Eventually consistent full-text indexes have their updates queued up and applied in a background thread, and this setting determines the maximum size of that update queue. If the maximum queue size is reached, then committing transactions block and wait until there is more room in the queue before adding more updates to it.
This setting applies to all eventually consistent full-text indexes, and they all use the same queue. The maximum queue length must be at least 1 index update and no more than 50 million due to heap space usage considerations.
The default maximum queue length is 10.000 index updates.
Selecting an analyzer
By default, the full-text index uses the
standard-no-stop-words analyzer, specified in
db.index.fulltext.default_analyzer configuration setting.
This analyzer is the same as the Lucene’s
StandardAnalyzer , except no stop-words are filtered out.
To specify another analyzer, use the
OPTIONS clause of the full-text index creation command.
The list of all possible analyzers is available via the
db.index.fulltext.listAvailableAnalyzers() Cypher procedure.
By default, the analyzer analyzes both the indexed values and query string. In some cases, however, using different analyzers for the indexed values and query string is more appropriate.

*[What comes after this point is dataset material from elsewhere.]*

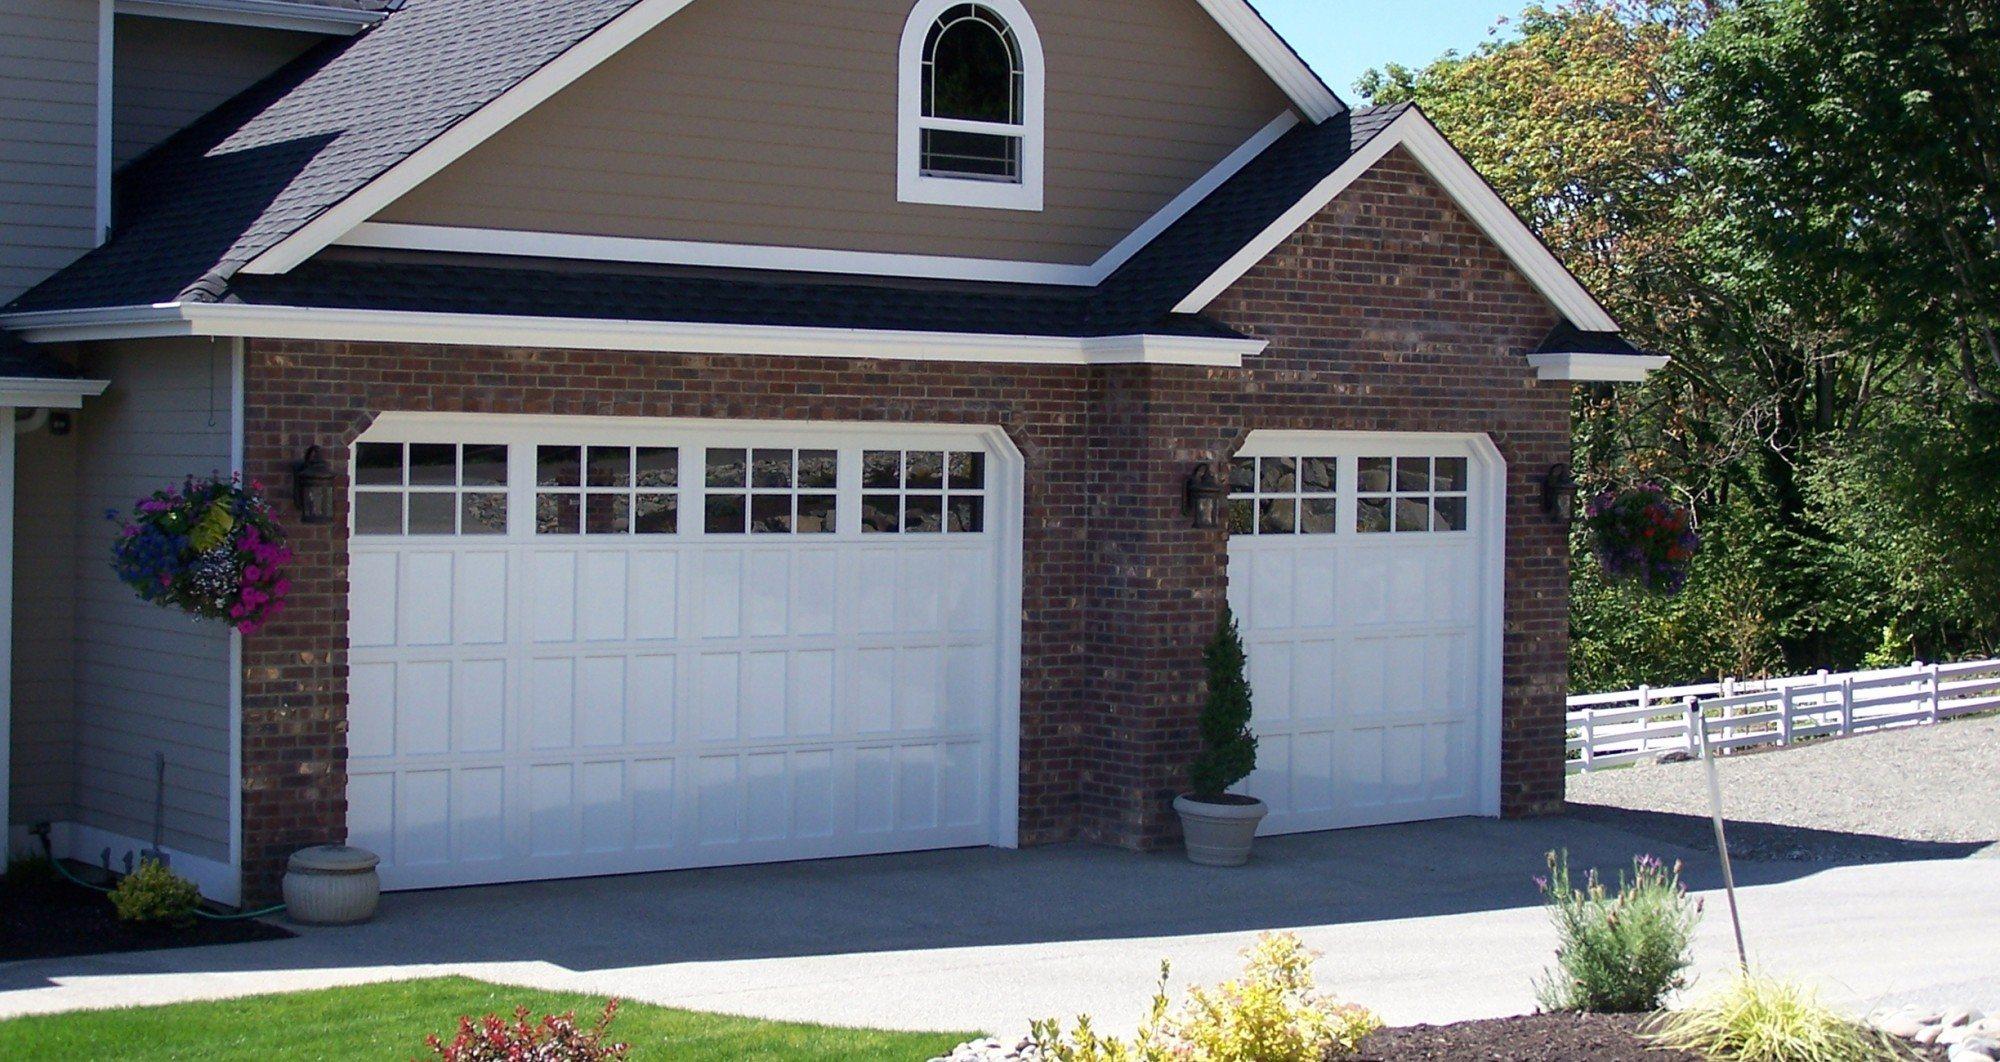 Merveilleux White Classic Garage Doors At Oregon City ...

You can do that by specifying an analyzer for the query string when using the full-text search procedures.
For a detailed information on how to create and use full-text indexes, see the Cypher Manual → Indexes to support full-text search.

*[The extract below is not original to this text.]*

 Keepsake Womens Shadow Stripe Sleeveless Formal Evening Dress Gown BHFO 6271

A full-text index can be created over multiple properties.
If different analyzers for different properties are required, the standard approach in Lucene is to create a custom Composite analyzer.
The Lucene project provides
PerFieldAnalyzerWrapper that can associate analyzers with specific fields.

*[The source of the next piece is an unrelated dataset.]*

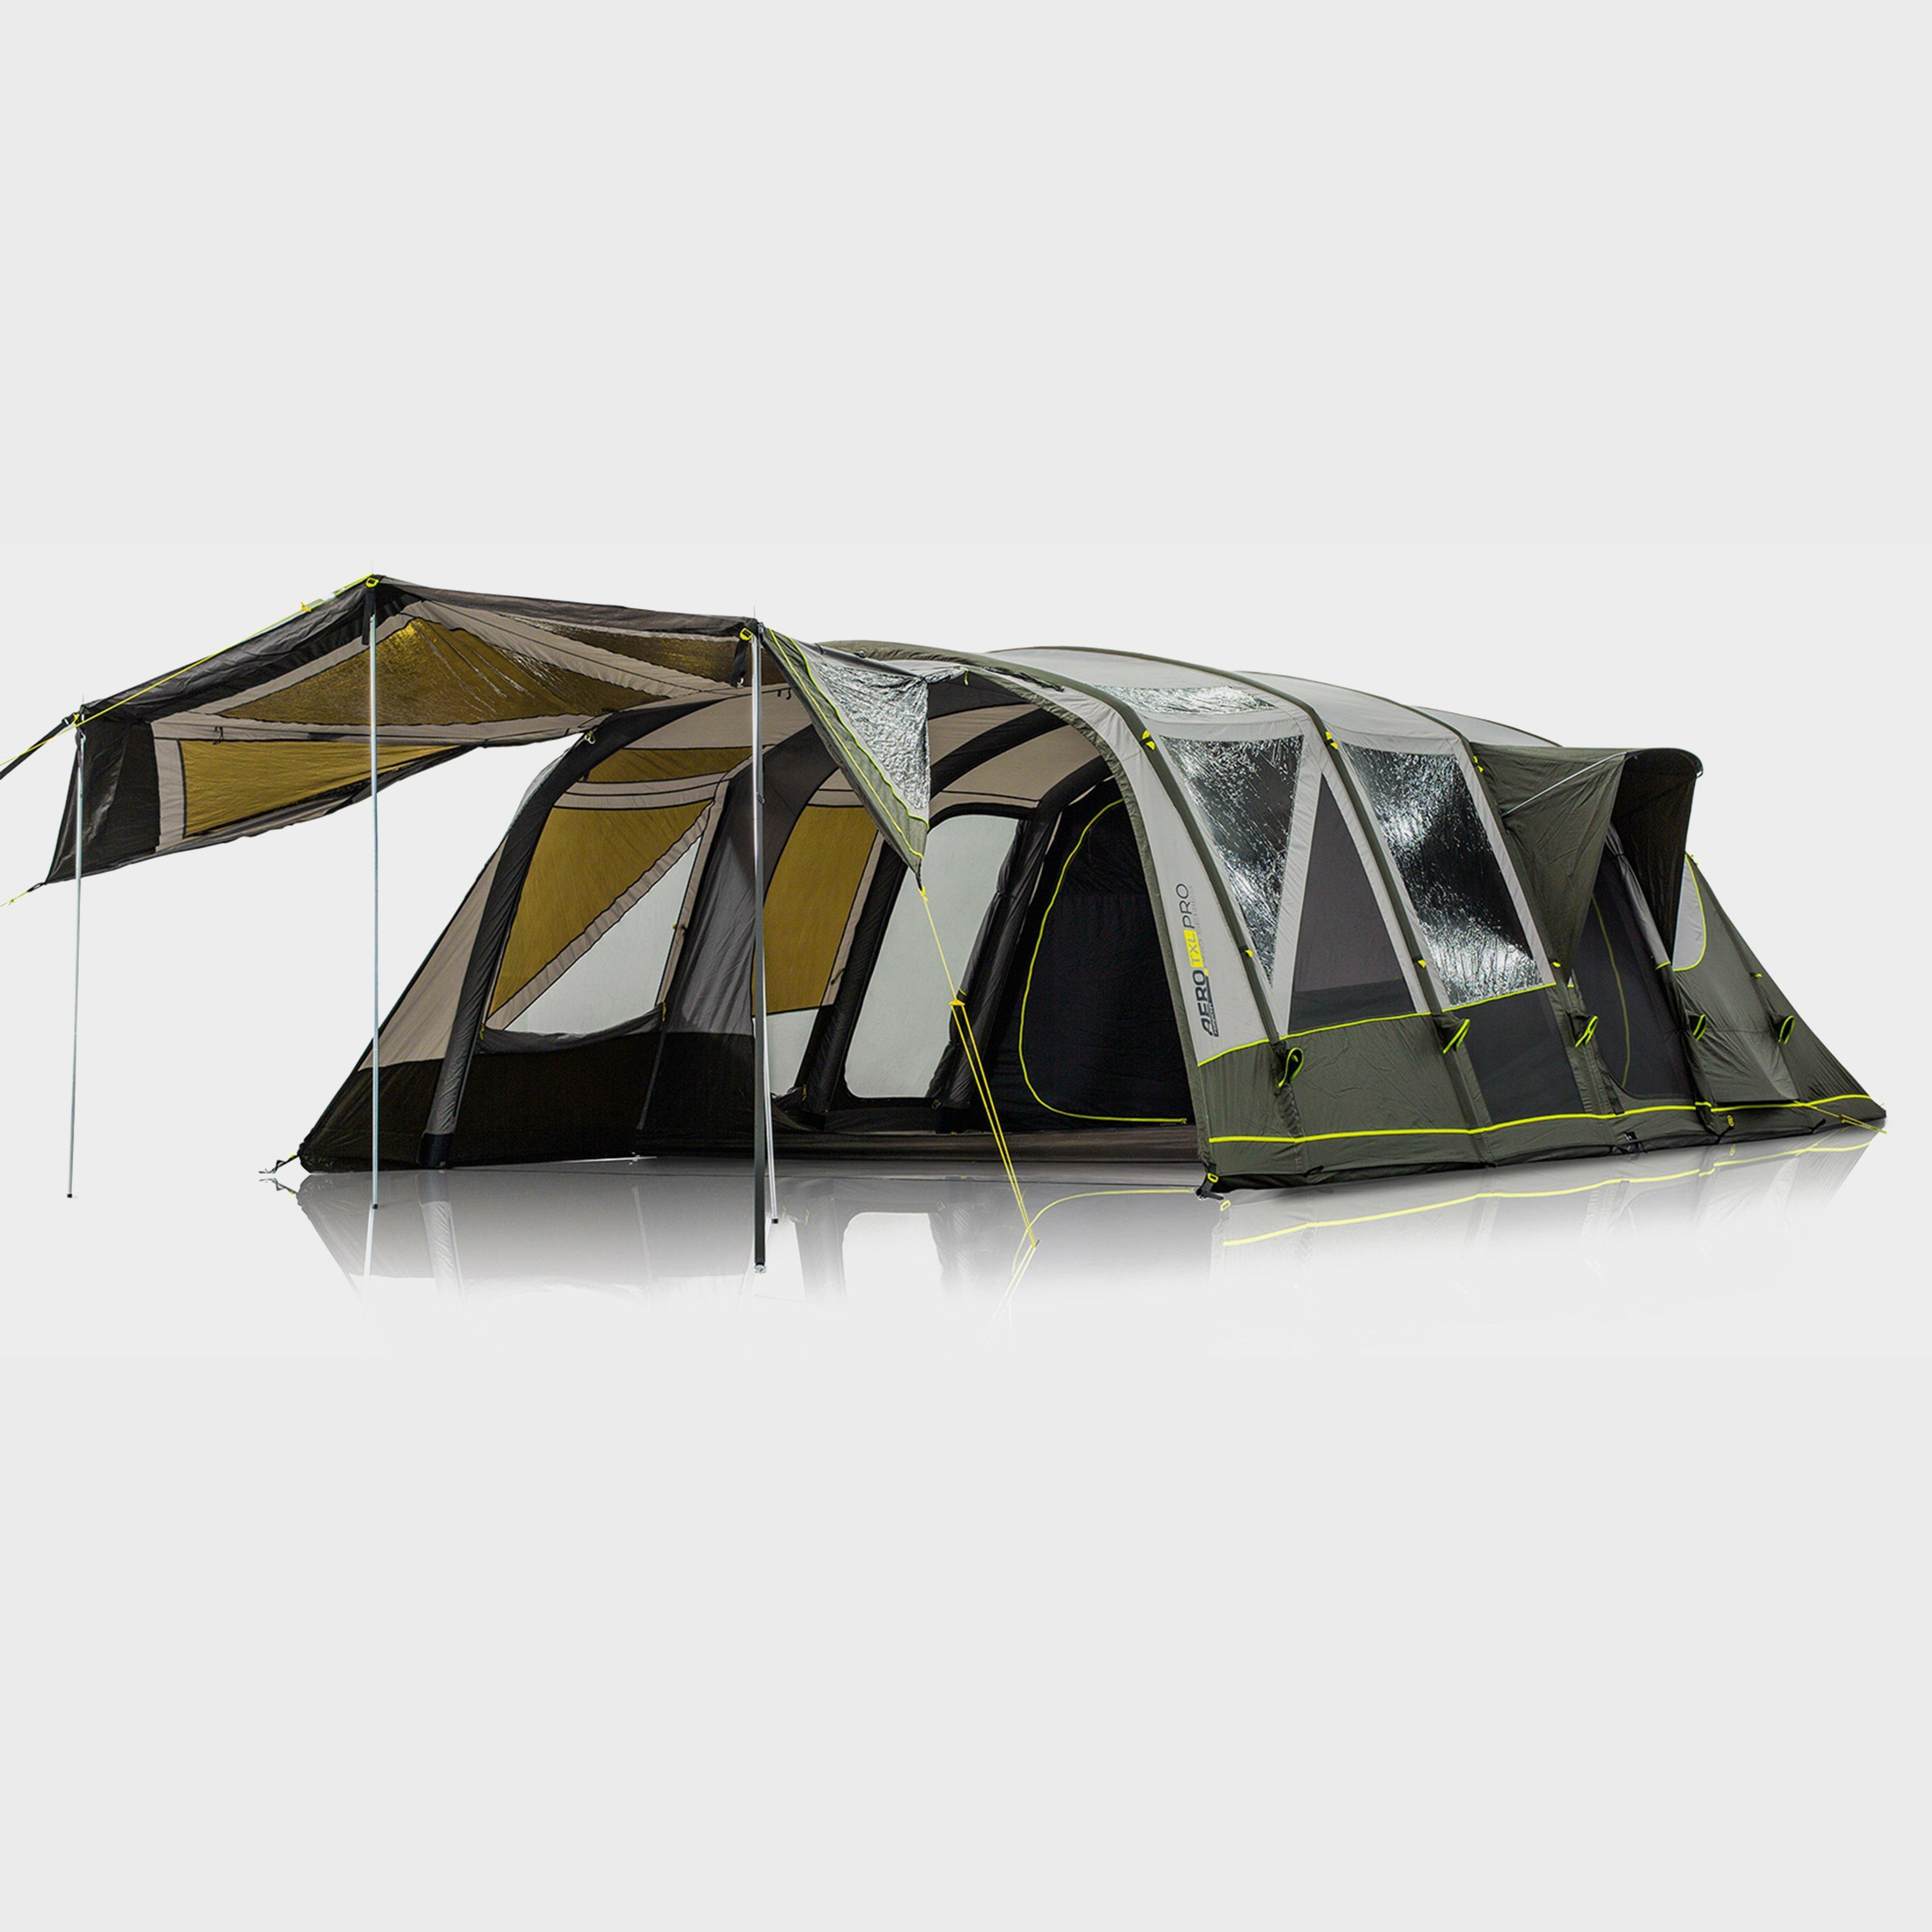 Zempire Aero Txl Lite Family Air Tent - Pro/Pro, PRO/PRO

For more information, see the Lucene official documentation.
Token lookup indexes
Token lookup indexes are used to look up nodes with a specific label or relationships of a specific type. They are always created over all labels or relationship types. Therefore, a databases can have a maximum of two token lookup indexes - one for nodes and one for relationships.
Use and significance
Token lookup indexes are the most important indexes as they significantly speed up the population of other indexes. They are also essential for the Cypher queries execution and Core API operations. Therefore, dropping them should be carefully considered.
The node label lookup index is important for queries that match a node by one or more labels. It can also be used for matching labels and properties of a node when there are no suitable indexes available. Likewise, the relationship type lookup index is important for queries that match relationships by their types.
Most queries are executed by matching nodes and expanding their relationships. Hence, the node label lookup index is slightly more significant than the relationship type lookup index.
Both node and relationship type lookup index are present by default in all databases created in 4.3 and onwards.
Databases created before 4.3
Databases created before 4.3 do not get relationship lookup index automatically, in order to preserve backwards compatibility and performance characteristics of such databases.
If needed, such databases can get a relationship type lookup index by creating it explicitly through Cypher.
Creating relationship type lookup index on a large database can take significant amount of time, as all relationships need to be scanned when populating such index.